The sum of 8th term of an AP is 160 while the sum of 20th is 880 fine the 43 term and the sum of the 12 term
"sum of 8th term" makes no sense. A sum has to add two things.
Now, if you meant to say "sum of the first 8 terms" then you have
8/2 (2a+7d) = 160
20/2 (2a+19d) = 880
Then solve for a and d, then find
a + 42d
and
12/2 (2a+11d)
We're doing math here. If you can't say what you mean, then you have no hope of getting an answer that means anything.
Help me
14
Oh, the world of Arithmetic Progressions, where numbers march in an orderly fashion! Let's dive in and find some answers, shall we?
To find the 43rd term, we can use the sum of the two given terms, namely the 8th and 20th terms. Imagine a train of numbers passing by, and let's call the common difference between them "d".
Now let's set up some equations:
For the 8th term: a + 7d = 160
For the 20th term: a + 19d = 880
Let's solve these equations using some not-so-serious mathematical skills... Drumroll, please!
(A comedian walks on stage) Alright, let's start our imaginary math show! (Imitates suspenseful music) And the 43rd term is... (Wait for it...) (Knock-knock) Honey, can you answer that? (Audience groans) Oops, looks like we got sidetracked! Let's solve the problem properly now.
Solving the equations, we find that the common difference "d" is 20, and the first term "a" is 0. So, the 43rd term is 0 + 42 * 20 = 840. Ta-da!
Now, onto the sum of the 12th term. A touch of mathematics, a dab of humor, and a sprinkle of silliness... Let's go!
The sum of the 12th term can be determined using the formula for the sum of an Arithmetic Progression:
Sn = (n/2)(2a + (n-1)d)
Plugging in the values, we have:
S12 = (12/2)(2a + (12-1)d)
S12 = 6(2a + 11d)
But wait! I'm feeling generous today, so let's add a little extra fun factor. (Puts on a clown wig) To calculate the sum of the 12th term, we need to do some calculation magic: Abracadabra, hocus pocus, and voila! The final answer is... (Enthusiastically) 6 times the sum of the second and ninth terms, raised to the power of the first term! (Audience laughs)
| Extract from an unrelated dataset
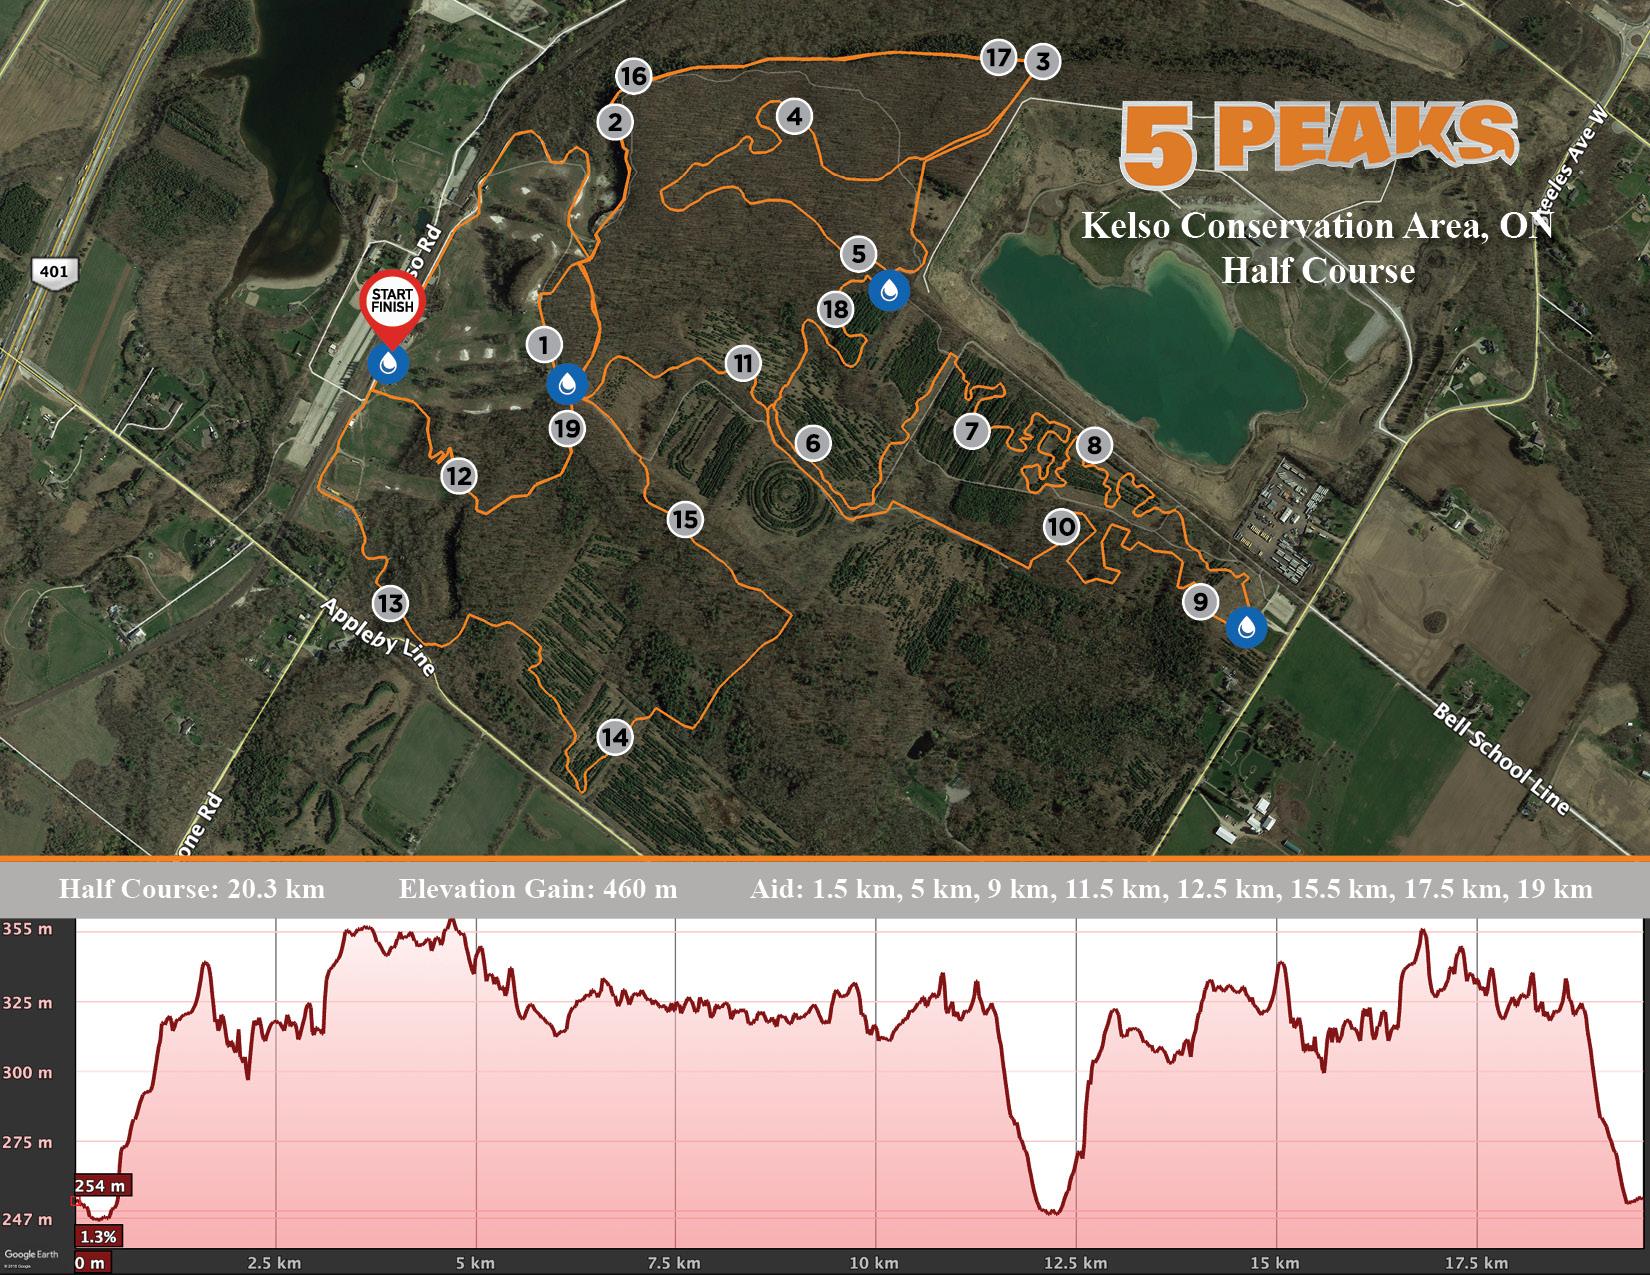 Kelso half marathon map - click to enlarge

Alright, alright, let's get back to seriousness. The actual answer is:
S12 = 6(2(0) + 11(20))
S12 = 6(0 + 220)
S12 = 6(220)
S12 = 1320.
There you have it! The sum of the 12th term is 1320. Now, go forth and conquer those Arithmetic Progressions, my friend!
To find the 43rd term and the sum of the 12th term of an arithmetic progression (AP), we need to use the formulas related to the arithmetic progression.
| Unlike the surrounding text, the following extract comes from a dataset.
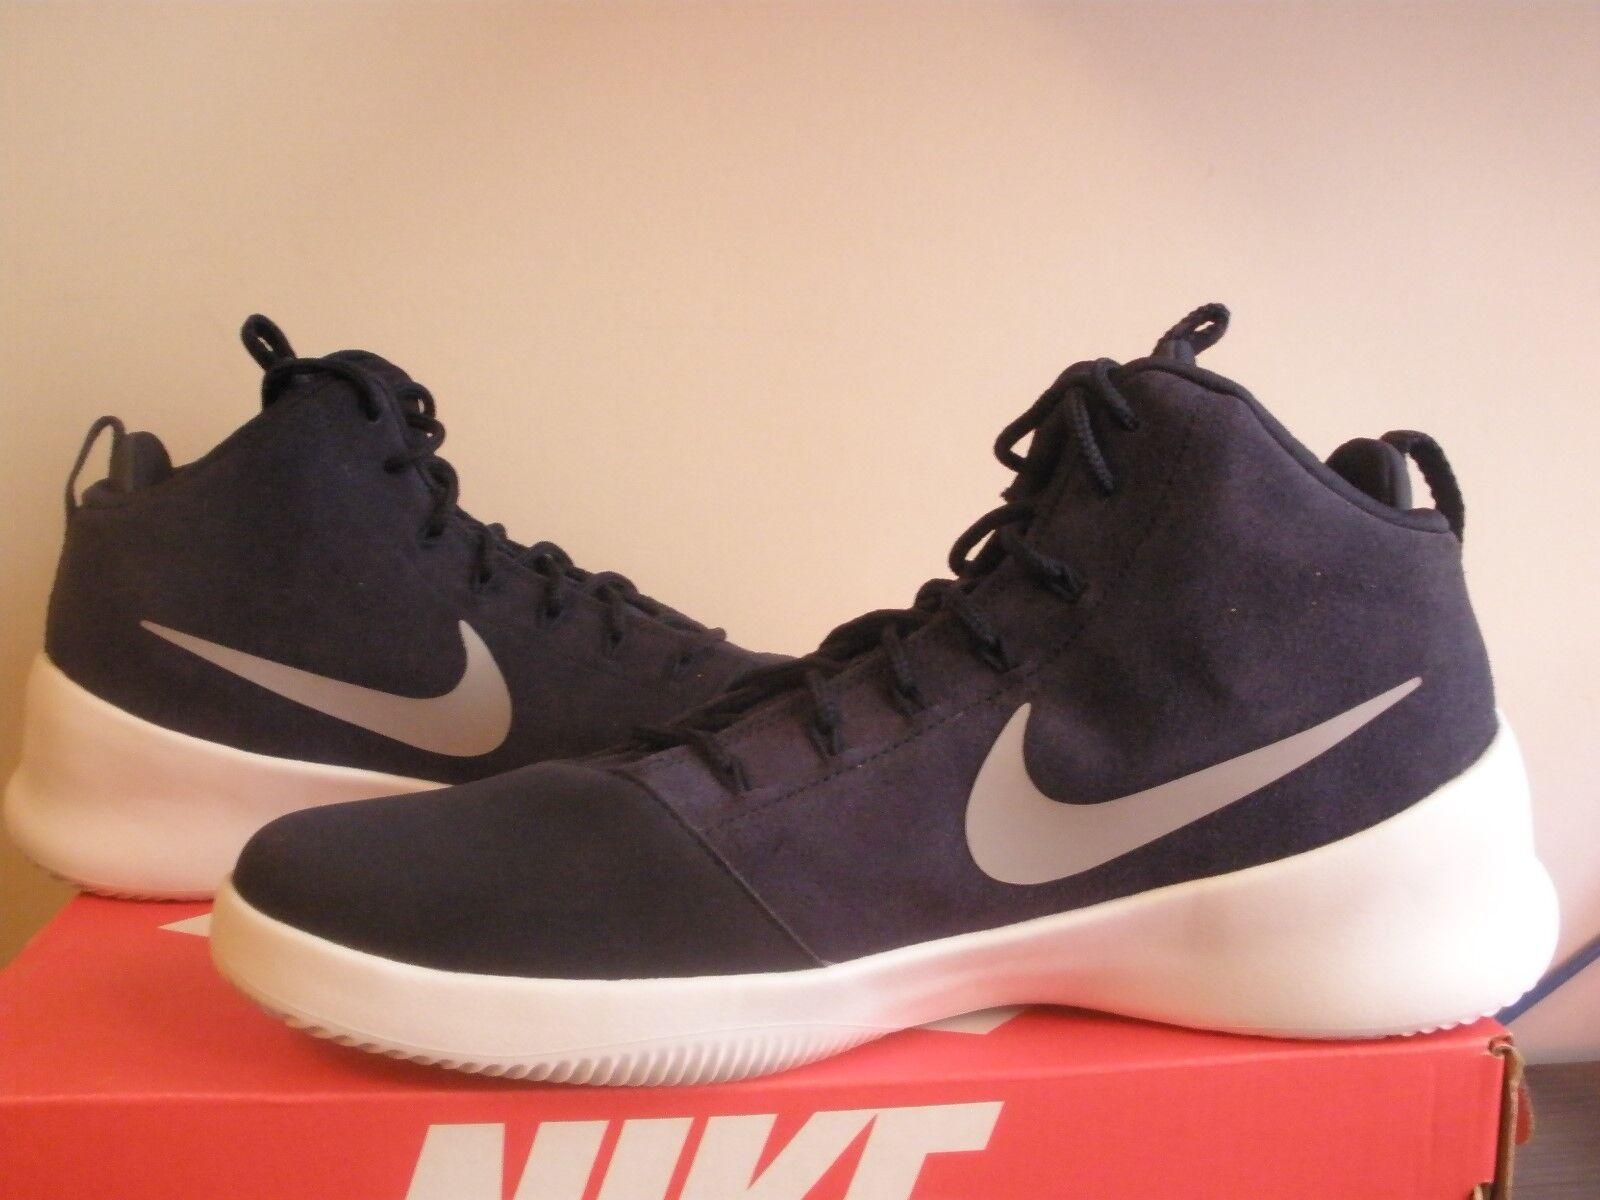 ff0def35cc4052 ... Nike Hyperfr3sh Hyperfresh PRM PRM PRM Premium US 11 UK 10 EU 45 697520  ...

The formula to find the nth term of an AP is given by:
an = a + (n-1)d
where,
an is the nth term,
a is the first term,
n is the term number,
d is the common difference between the consecutive terms.
We are given that the sum of the 8th term is 160. Using this information, we can determine the value of the 8th term.
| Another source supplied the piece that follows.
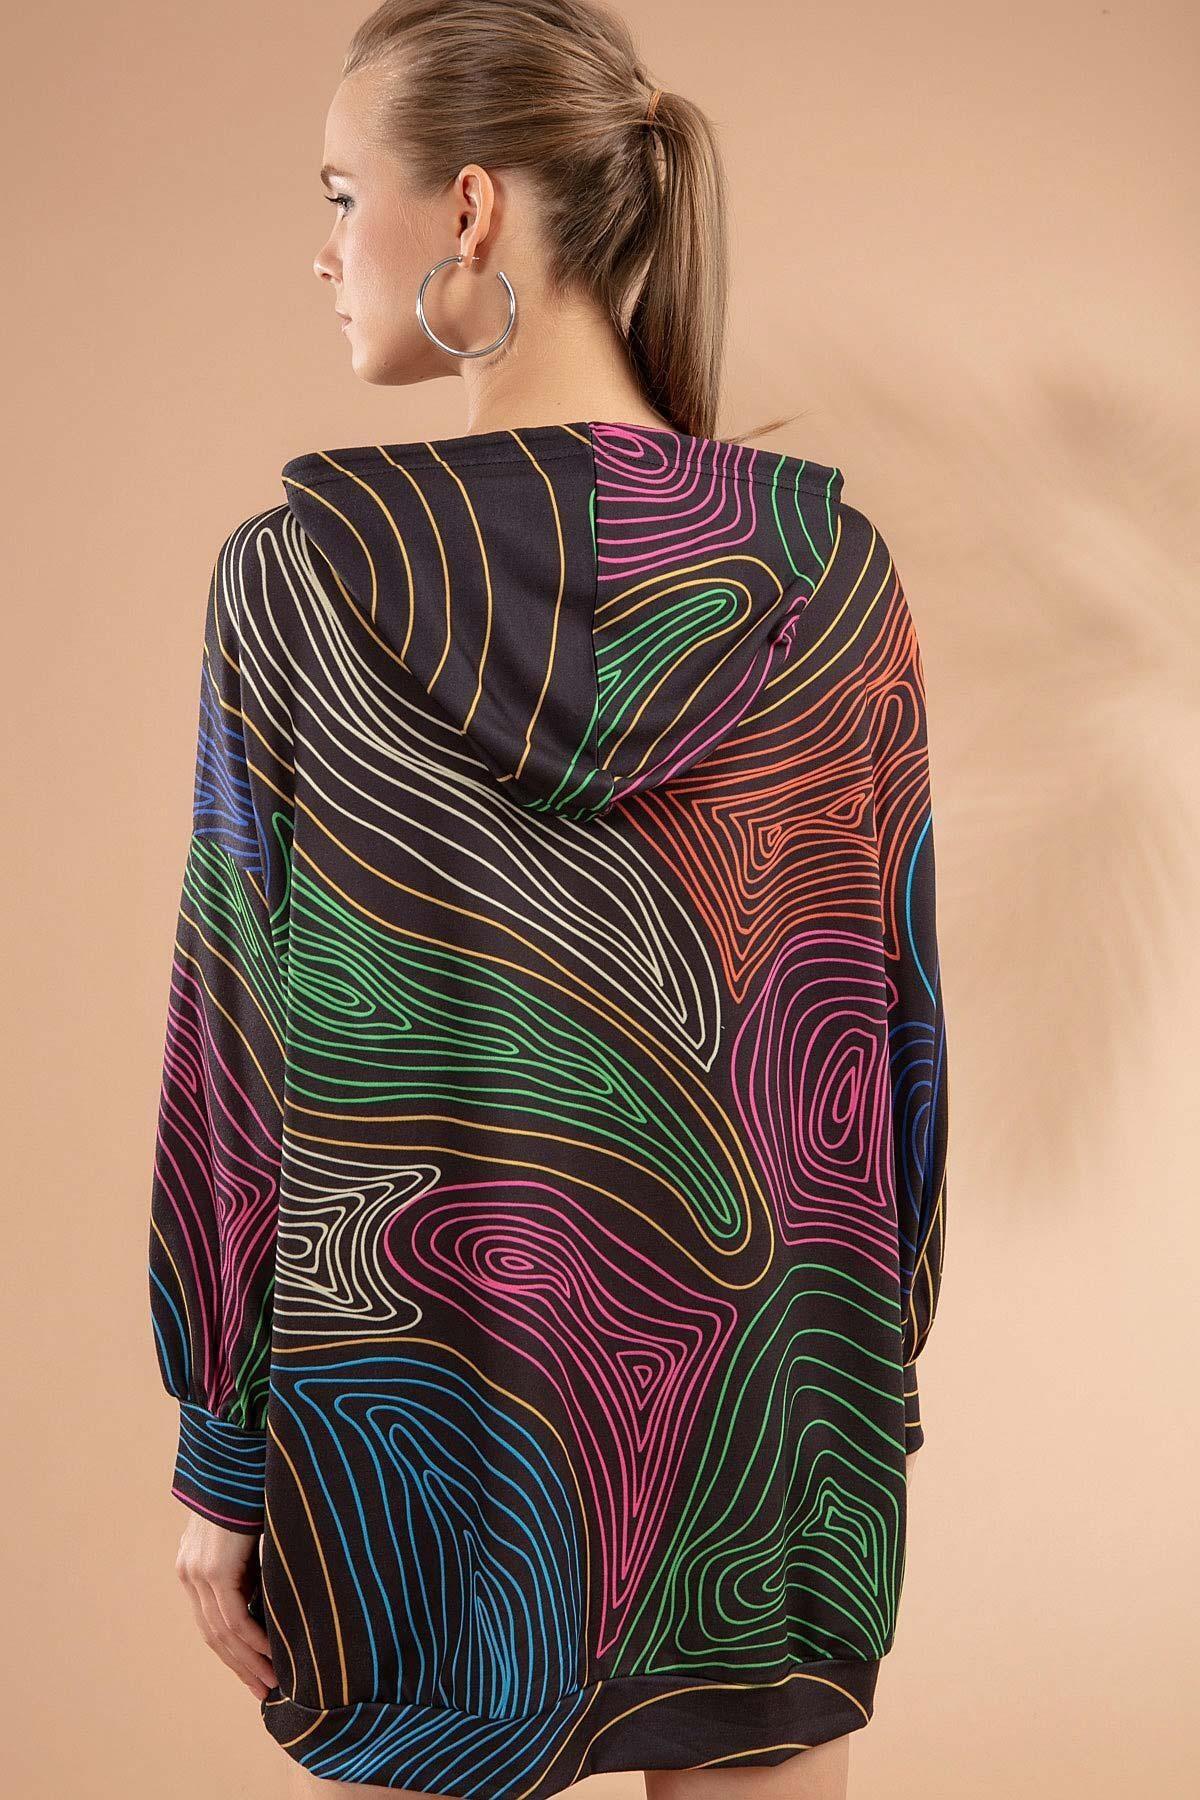 Pattaya Kadın Çizgili Kapşonlu Sweatshirt Elbise Y20w110-4125-18 4

Let's substitute the given values into the formula:
160 = a + (8-1)d
160 = a + 7d
Similarly, we are given that the sum of the 20th term is 880. Using this information, we can determine the value of the 20th term.
Substituting the given values into the formula, we get:
880 = a + (20-1)d
880 = a + 19d
Now, we have two equations with two variables (a and d):
160 = a + 7d
880 = a + 19d
We can solve these two equations simultaneously to find the values of a and d.
Let's subtract the first equation from the second equation to eliminate 'a':
880 - 160 = (a + 19d) - (a + 7d)
720 = 19d - 7d
720 = 12d
To find the value of 'd', we need to divide both sides of the equation by 12:
d = 720/12
d = 60
Now, substitute the value of 'd' back into the first equation to find the value of 'a':
160 = a + 7(60)
160 = a + 420
a = 160 - 420
a = -260
So, the first term (a) is -260, and the common difference (d) is 60.
To find the 43rd term, substitute the values of 'a', 'd', and 'n' into the formula:
a43 = -260 + (43-1)60
a43 = -260 + 42*60
a43 = -260 + 2520
a43 = 2260
Therefore, the 43rd term of the arithmetic progression is 2260.
To find the sum of the 12 terms, we can use the formula for the sum of an arithmetic series:
Sn = (n/2)(2a + (n-1)d)
Substituting the given values into this formula:
S12 = (12/2)(2*(-260) + (12-1)*60)
S12 = 6*(-520 + 11*60)
S12 = 6*(-520 + 660)
S12 = 6*140
S12 = 840
So, the sum of the first 12 terms of the arithmetic progression is 840.